0-5 5-25 25-50 50-inf
0-5 50032 1492 45 5
5-25 785 980 85 15
25-50 47 119 38 3
50-inf 2 29 12 2
unique weights: [2.60261954e-01 7.19718499e+00 6.48442029e+01 2.98283333e+02]
F1 Score for 0-5: 0.9768
F1 Score for 5-25: 0.4370
F1 Score for 25-50: 0.1964
F1 Score for 50-inf: 0.0571
f1_per_class_T+1.pkl written
Writting f1_score_weighted.pkl:
./models_evaluation/output_dataset_replaced-ERA5+SIA.nc/f1_score_weighted.pkl
f1_weighted=0.35905292925986854
./models_evaluation/output_dataset_replaced-ERA5+SIA.nc/f1_score_macro.pkl
f1_macro=0.41683587109105374
This script will also generate the following files during evaluation, which provides a model performance visualization and a serialized model report, for later analysis and comparison with other models:
models_evaluation
└── ERA5+SIA.nc
├── [0-5)_confusion_matrix.png
├── [25-50)_confusion_matrix.png
├── [5-25)_confusion_matrix.png
├── [50-inf)_confusion_matrix.png
├── bias.pkl
├── bias_per_category.png
├── confusion_matrix.tex
├── f1_per_class.pkl
├── f1_per_class_T+1.pkl
├── f1_score_macro.pkl
├── f1_score_weighted.pkl
├── rain_distribution.png
├── rain_distribution_histogram.png
├── rain_distribution_true_pred.png
├── mae.pkl
└── mae_per_category.png
There's a shell script STConvS2s/run_models.sh
that help us to run the training script by passing the eight different datasets sequentially, as presented in the table below.

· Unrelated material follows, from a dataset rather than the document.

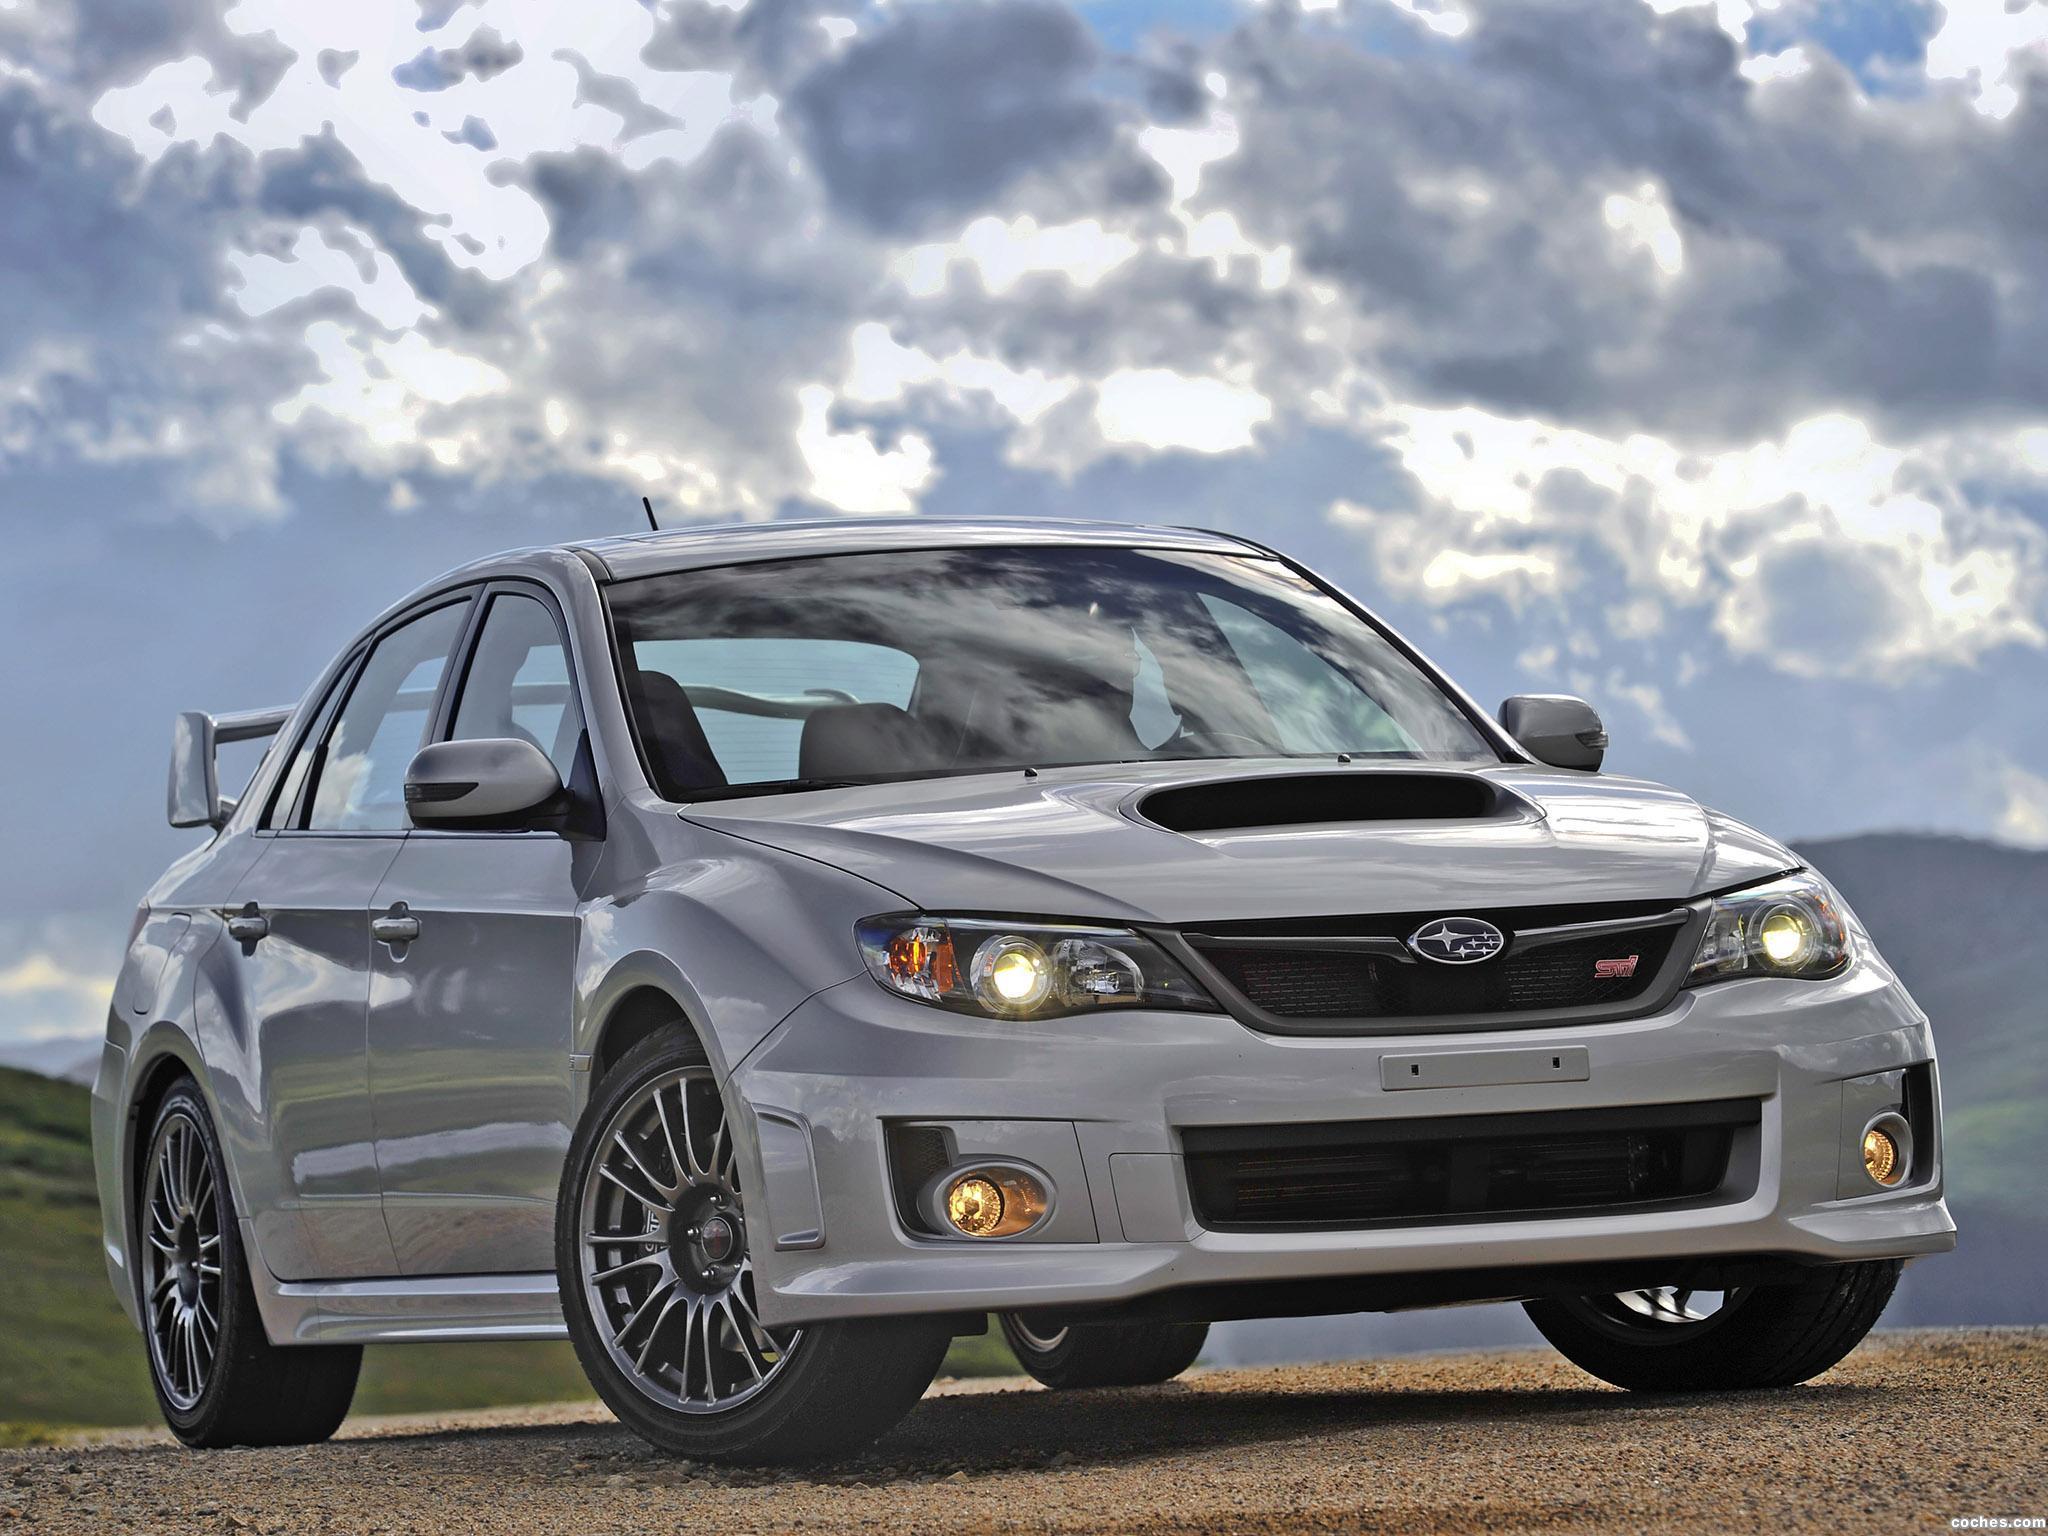 Foto 20 de Subaru Impreza WRX STi Sedan USA 2010

Dataset | Sirenes | INMET | AlertaRio |
---|---|---|---|
ERA5 | |||
ERA5+S | ✓ | ||
ERA5+I | ✓ | ||
ERA5+A | ✓ | ||
ERA5+SI | ✓ | ✓ | |
ERA5+SA | ✓ | ✓ | |
ERA5+IA | ✓ | ✓ | |
ERA5+SIA | ✓ | ✓ | ✓ |
This section replicates the inference experiments using the ERA5+SIA trained model with the GFS NWP model integrated with AlertaRio (GFS+A
) dataset.
python -m evaluate_inference.main --dataset /home/user/GFS+A_dataloader.pt
Expected output in stdout and the inference_grid_figures/iteration_0/tp_figure.png
figure generated by the script:
Loading inference dataset from ./GFS+A_dataloader.pt
max output: tensor(36.1225)
min output: tensor(0.)
Saved figure to ./inference_grid_figures/iteration_0/tp_figure.png
Confusion matrix:
\begin{tabular}{lrrrr}
\toprule
& 0-5 & 5-25 & 25-50 & 50-inf \\
\midrule
0-5 & 6 & 4 & 1 & 0 \\
5-25 & 0 & 2 & 1 & 0 \\
25-50 & 0 & 1 & 0 & 0 \\
50-inf & 0 & 0 & 0 & 0 \\
\bottomrule
\end{tabular}
The code used to create the datasets can found at the Atmoseer package. It is part of the Artificial Intelligence Laboratory (AI-Lab) at CEFET/RJ, maintained by the authors of this paper.